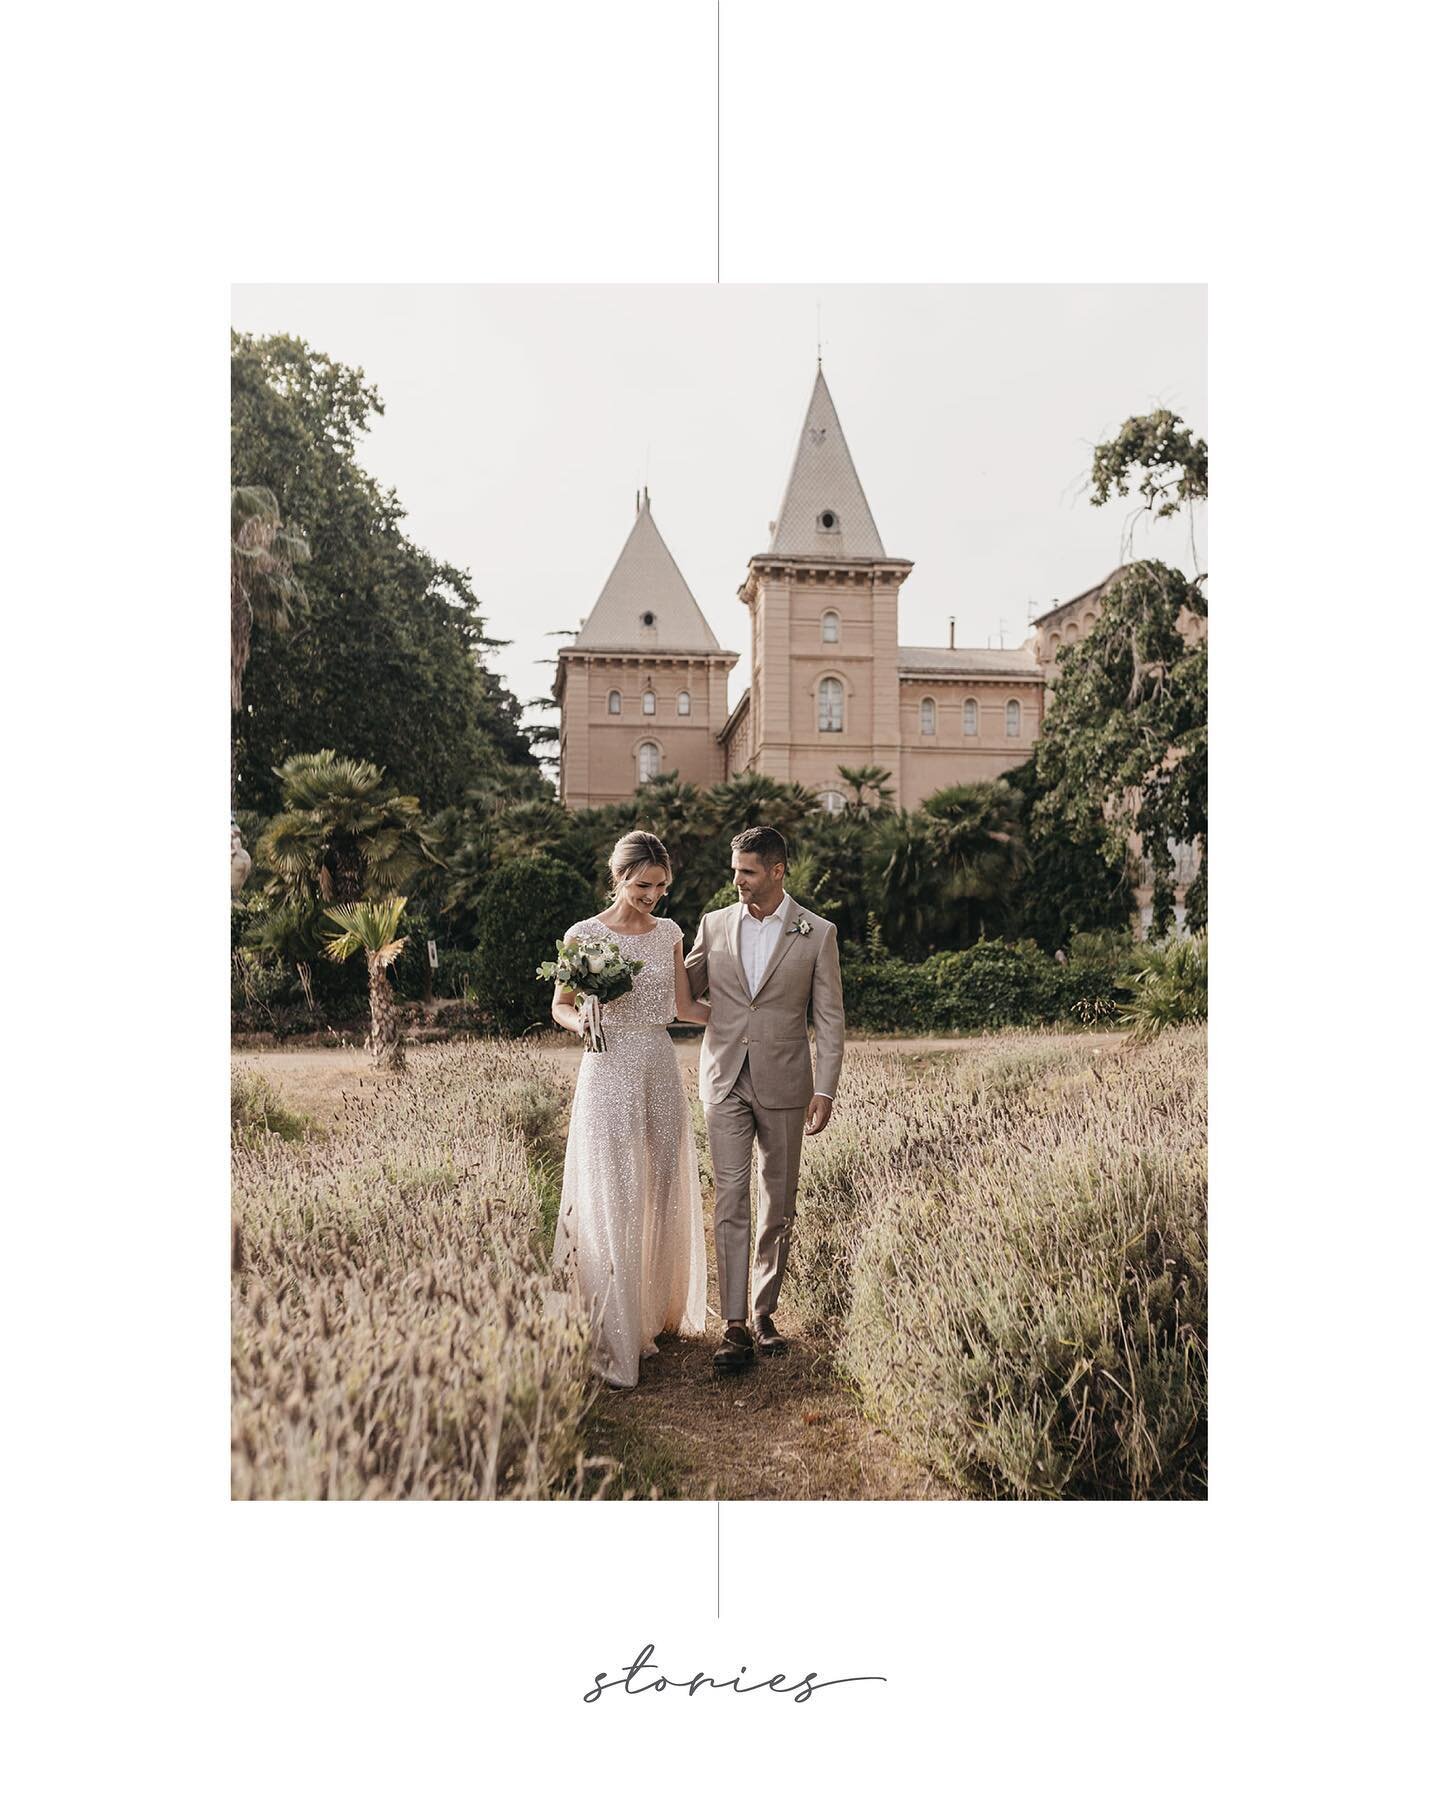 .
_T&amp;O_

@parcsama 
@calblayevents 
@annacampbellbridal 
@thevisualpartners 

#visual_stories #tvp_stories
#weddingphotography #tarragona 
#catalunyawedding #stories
==
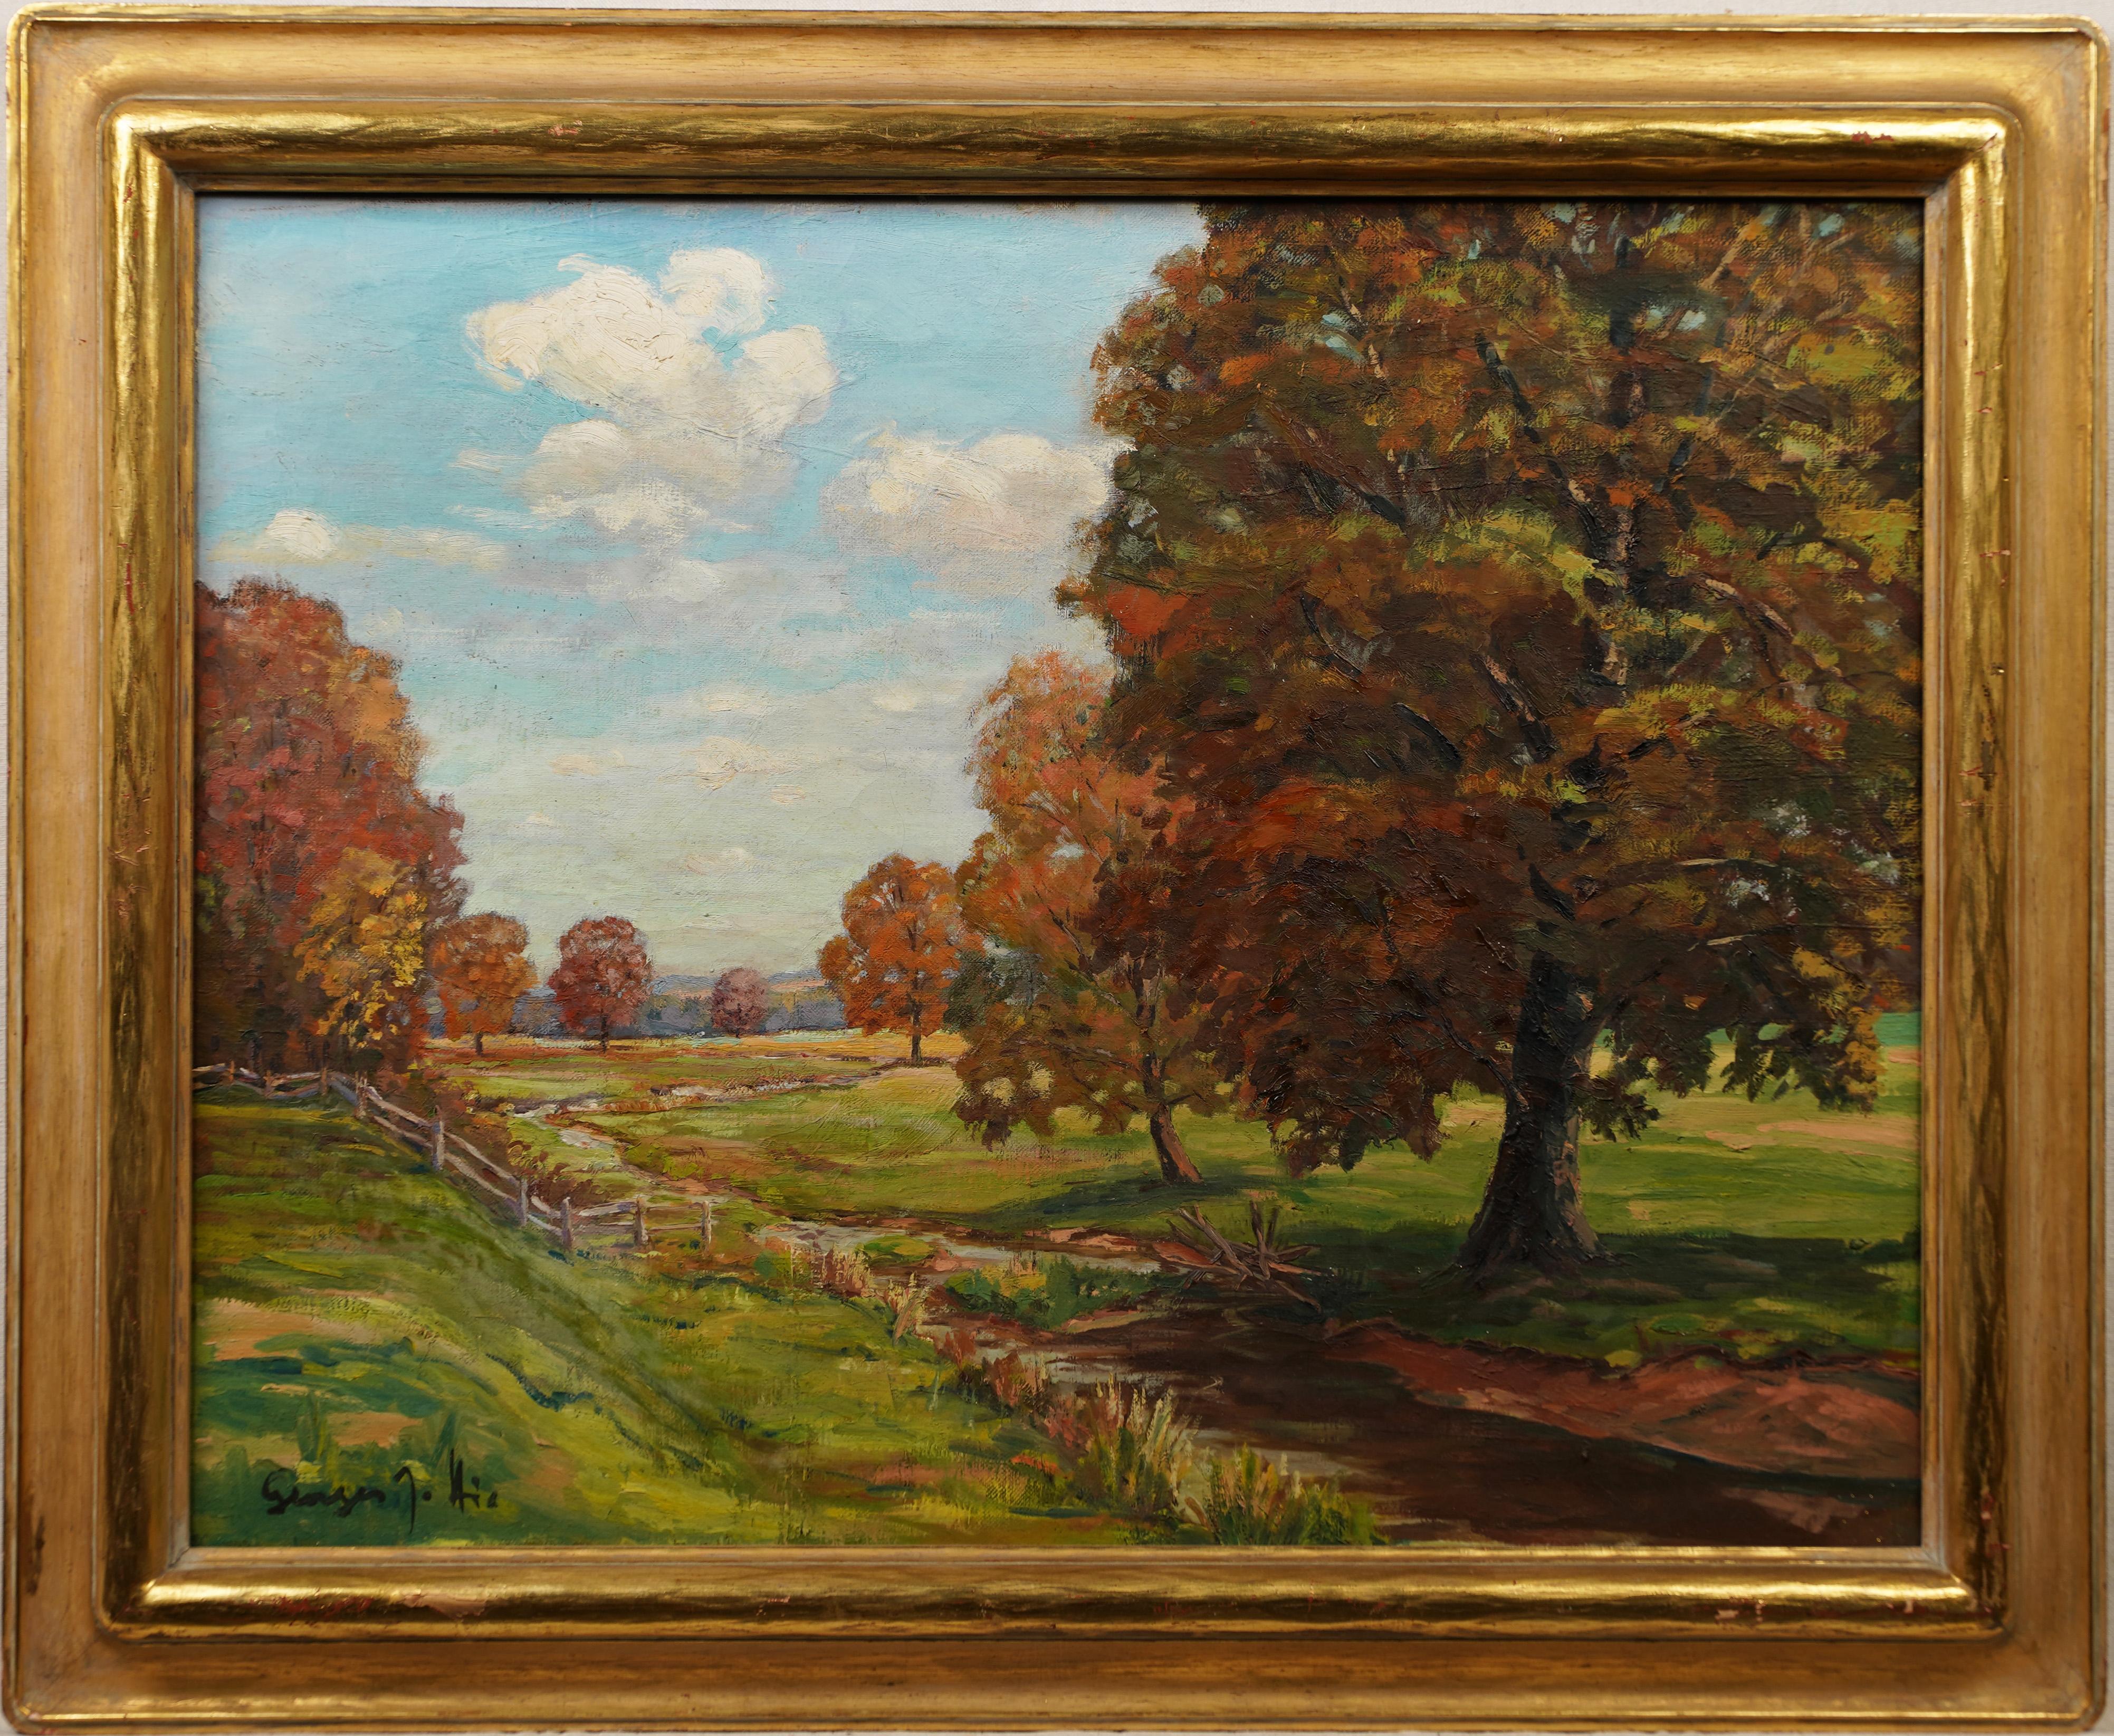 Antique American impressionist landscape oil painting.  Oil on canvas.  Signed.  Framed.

— EXERCISE —
Of all the entries above, repeat only the lines from the line that has "#weddingphotography #tarragona" to the line that has "#catalunyawedding #stories", both lines included, exactly.

— SOLUTION —
#weddingphotography #tarragona 
#catalunyawedding #stories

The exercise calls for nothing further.